Oslo, Norway-based Opera Software is creating a Web browser for the hand-held that will work with the built-in Wi-Fi functionality of the Nintendo DS. Once gamers buy the browser, which will come on a standard cartridge, they will be able to surf the Web on both the touch-sensitive and regular screens using the stylus and onscreen keypad for input. A U.S. launch is expected later this year after an April debut in Japan.

A separate Nintendo DS card is in development that comes with a TV tuner and antenna that will allow gamers to watch digital TV broadcasts. U.S. release plans for this product have not been announced.

Nintendo also is rolling out additional features for the Nintendo DS. Starting next month, gamers will be able to download game demos, trailers and other content via thousands of retail kiosks nationwide that send content over Wi-Fi.

The initial details of the digital distribution project were outlined by Reggie Fils-Aime, Nintendo EVP of sales and marketing, in his keynote speech at the Academy of Interactive Arts & Sciences' DICE 2006 Summit in Las Vegas, in which he spoke of the expanded wireless capabilities of the Nintendo DS and the Nintendo Wi-Fi Connection.

He said deals already are in place to have the kiosks placed in such specialty retail stores as Gamestop, EB Games and Game Crazy. Fils-Aime added that Nintendo is in advanced discussions with Target and Wal-Mart to add kiosks in their stores and that he expects the initiative to expand beyond retail premises. Japanese fans already can download Nintendo DS content at train stations.

Using the Nintendo DS' built-in Wi-Fi technology, owners can download content from anywhere within a 15-foot radius of the kiosk and it will remain on the device until it is shut off.

Nintendo also is introducing Voiceover Internet Protocol with new games that will allow players to use the built-in microphone to talk in real time before and after online matches of games like Metroid Prime: Hunters.

Gamers playing the first-person shooter game, which goes on sale March 20, will be able to talk live with other players before and after multiplayer online matches. Combining VoIP with Wi-Fi paves the way for Nintendo to further expand the cell phone-style communication of its gaming device.

The first DS Download Service stations will include free demos of Tetris DS, Brain Age: Train Your Brain in Minutes a Day, Mario Kart DS, Meteos, True Swing Golf and Pok?mon Trozei along with a Metroid Prime: Hunters video clip. The selection of games and other downloadable content at DS Download Service kiosks will refresh quarterly.

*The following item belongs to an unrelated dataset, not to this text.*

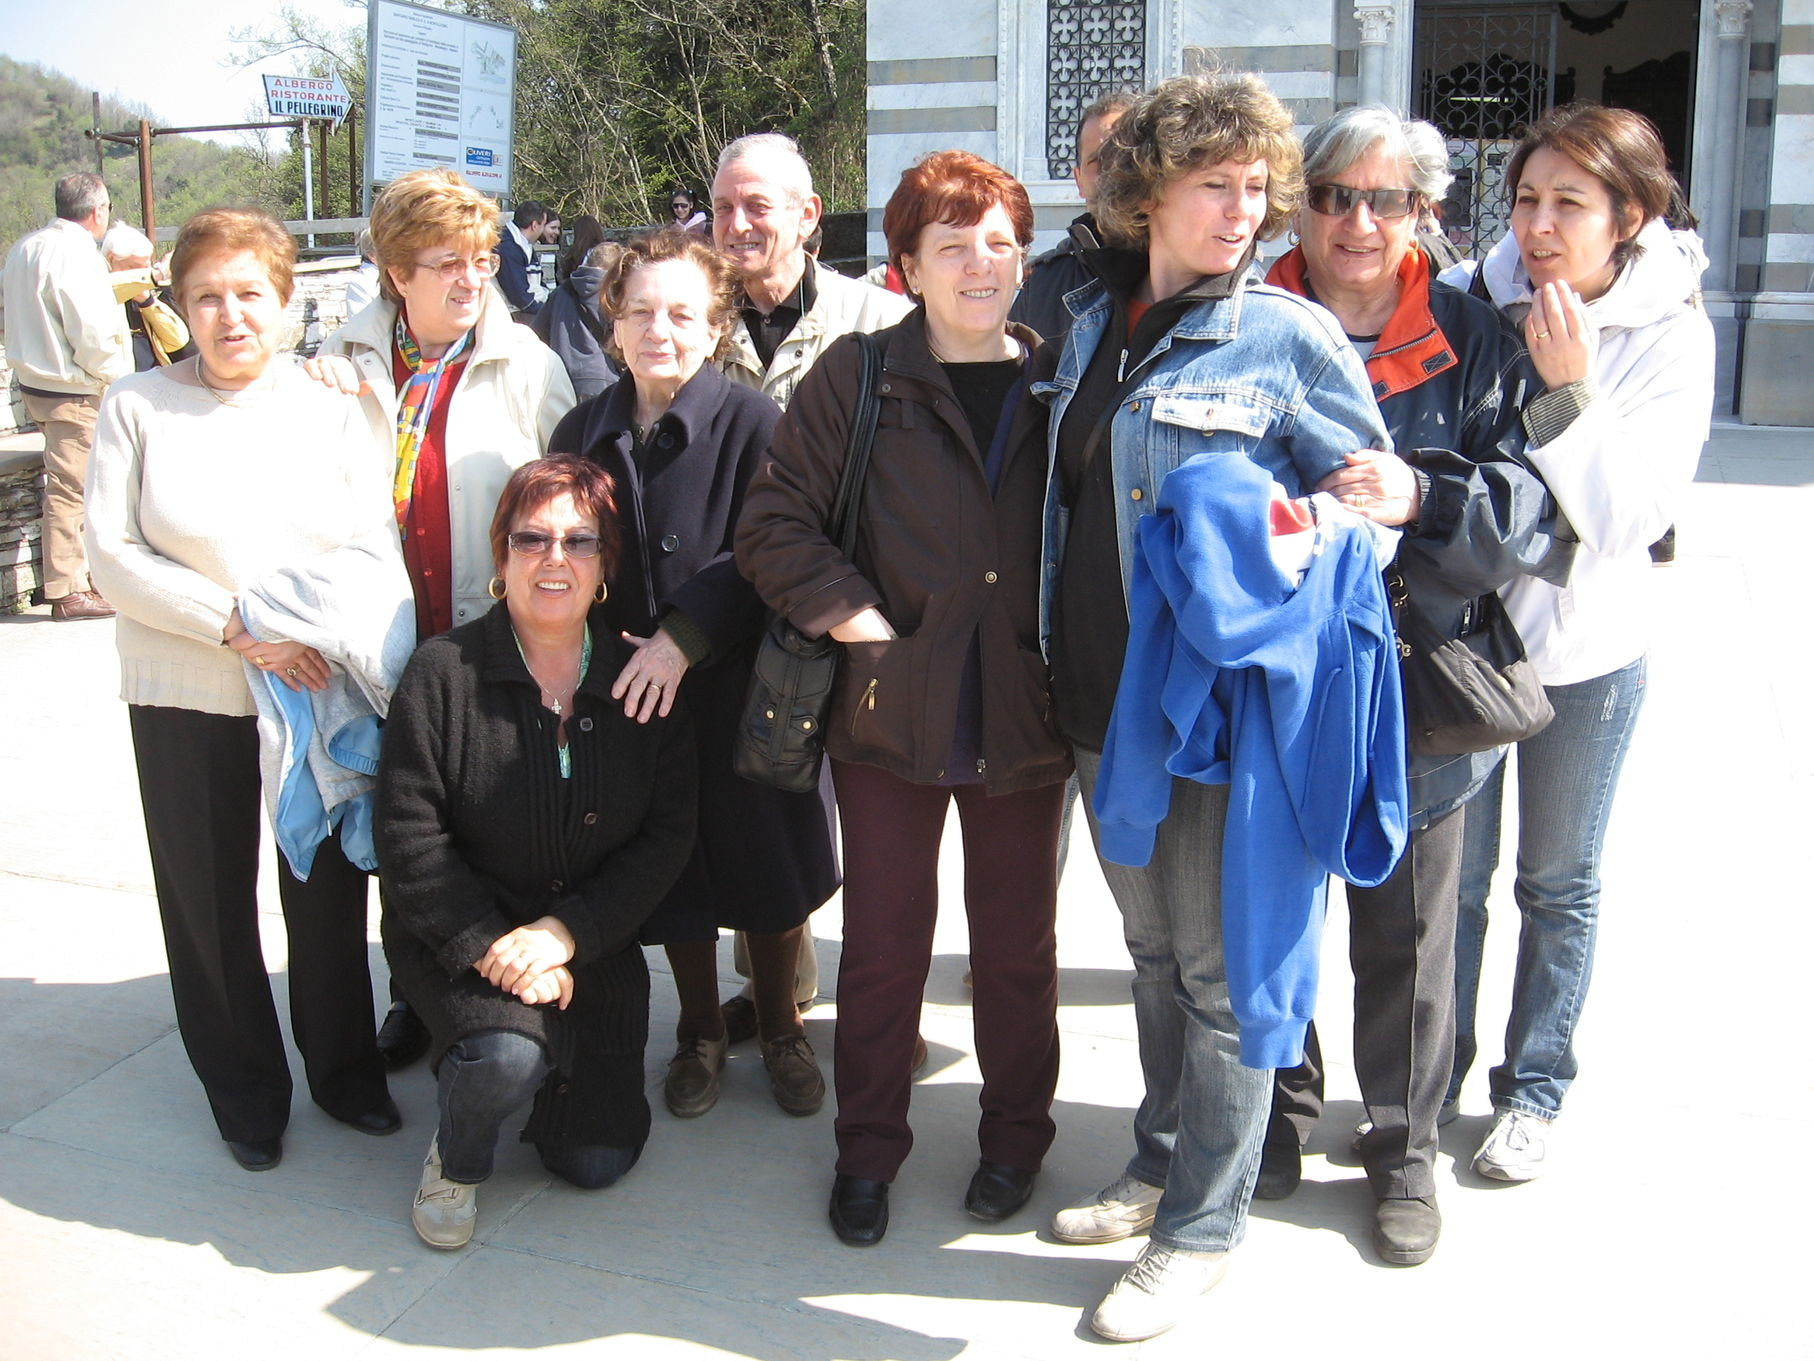 Montallegro-2009-04-13--11.21.58.jpg

In November, Nintendo partnered with Wayport to allow gamers free Wi-Fi hot spots at more than 6,000 McDonald's restaurants. When coupled with the new Opera software, gamers would be able to play online games or search the Web at these hot spots for free, or log into thousands of other hot spots around the country at the standard rate.

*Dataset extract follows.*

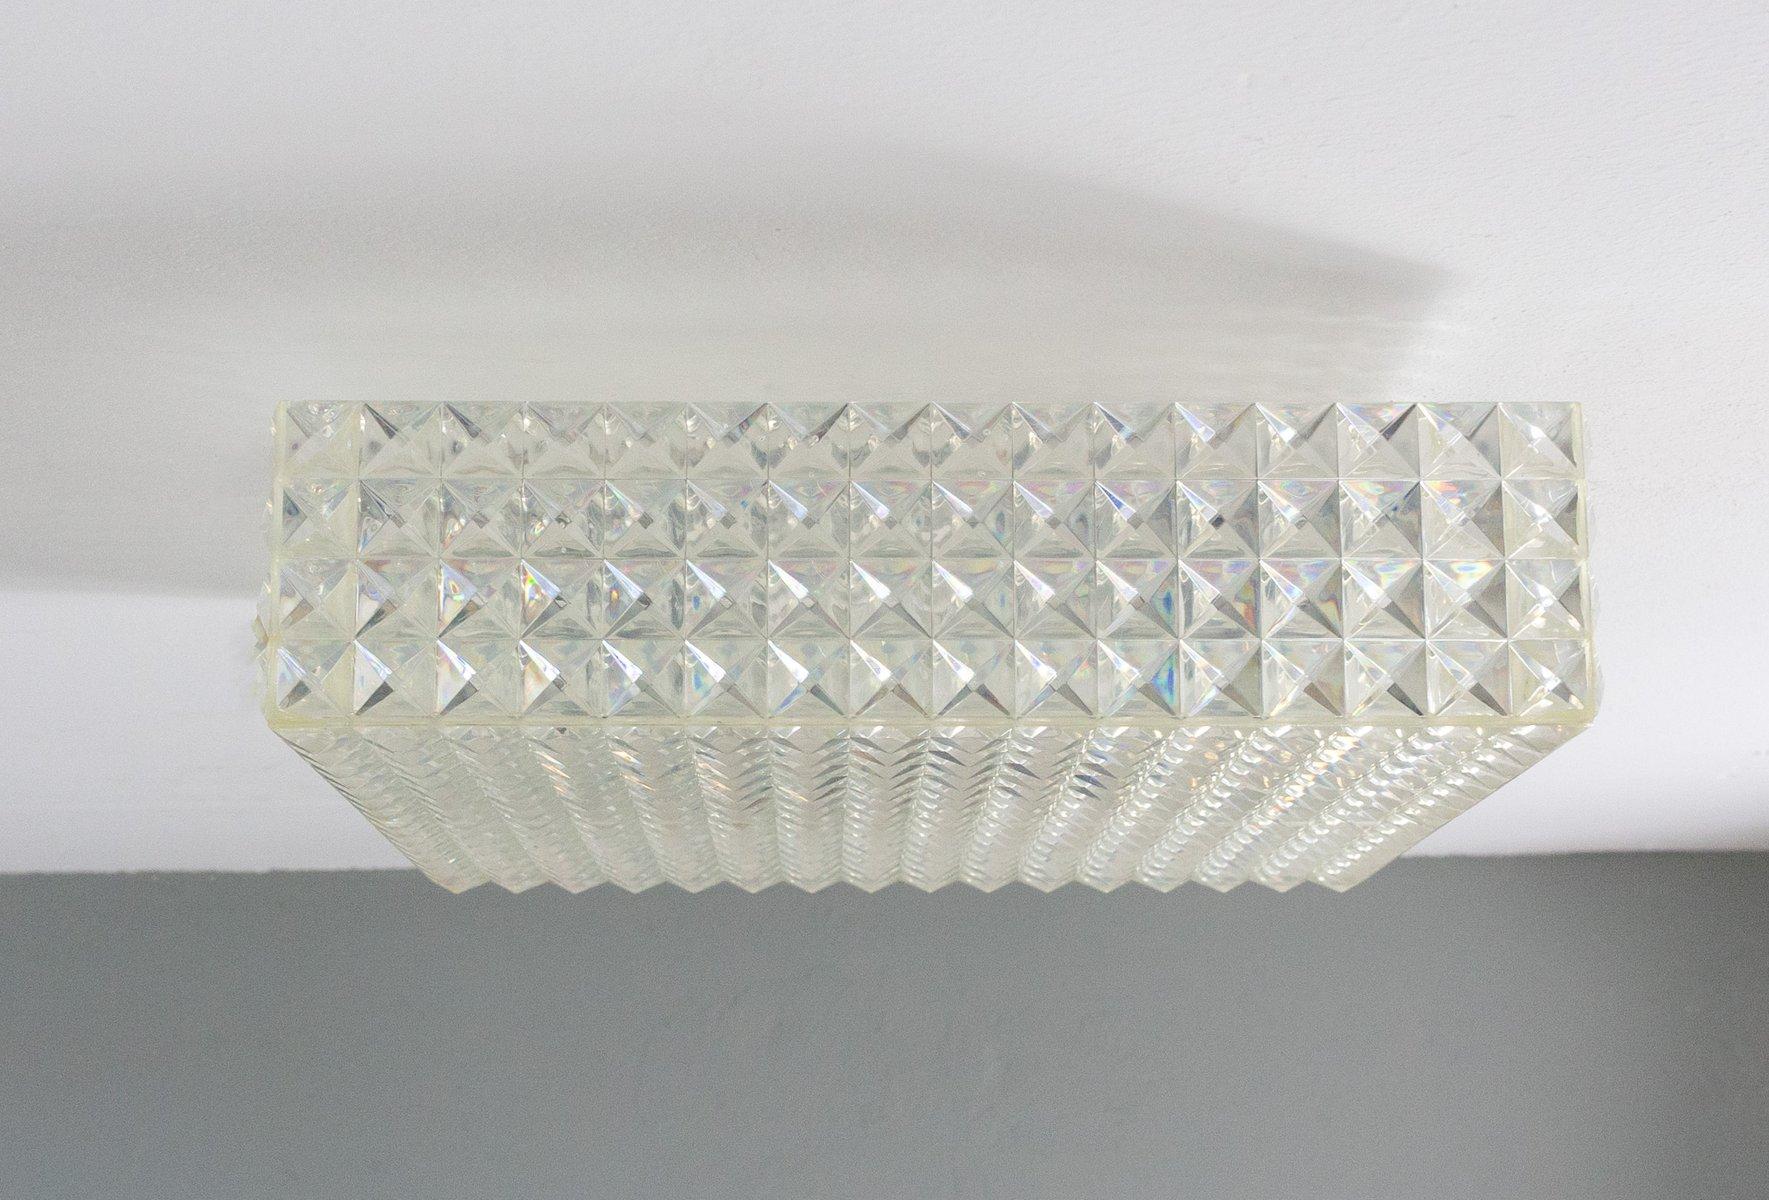 Modell Diamant Deckenlampe von Aloys Gangkofner für Erco, 1970er

Nintendo has sold more than 14.4 million Nintendo DS hardware units worldwide since its 2004 launch. More than 850,000 unique Nintendo DS gamers have played games on Nintendo's Wi-Fi Connection, with more than 20 million different connections.

Despite the launch of Sony's PlayStation Portable, Nintendo continues to dominate the portable gaming market, which was the only sector driving game hardware and software sales last year in the U.S., the NPD Group reported. Portable game sales represented 25% of the video game market space last year. In addition to Nintendo DS, Nintendo also has its Game Boy Advance SP and Game Boy Advance Micro hardware.

Chris Marlowe contributed to this report.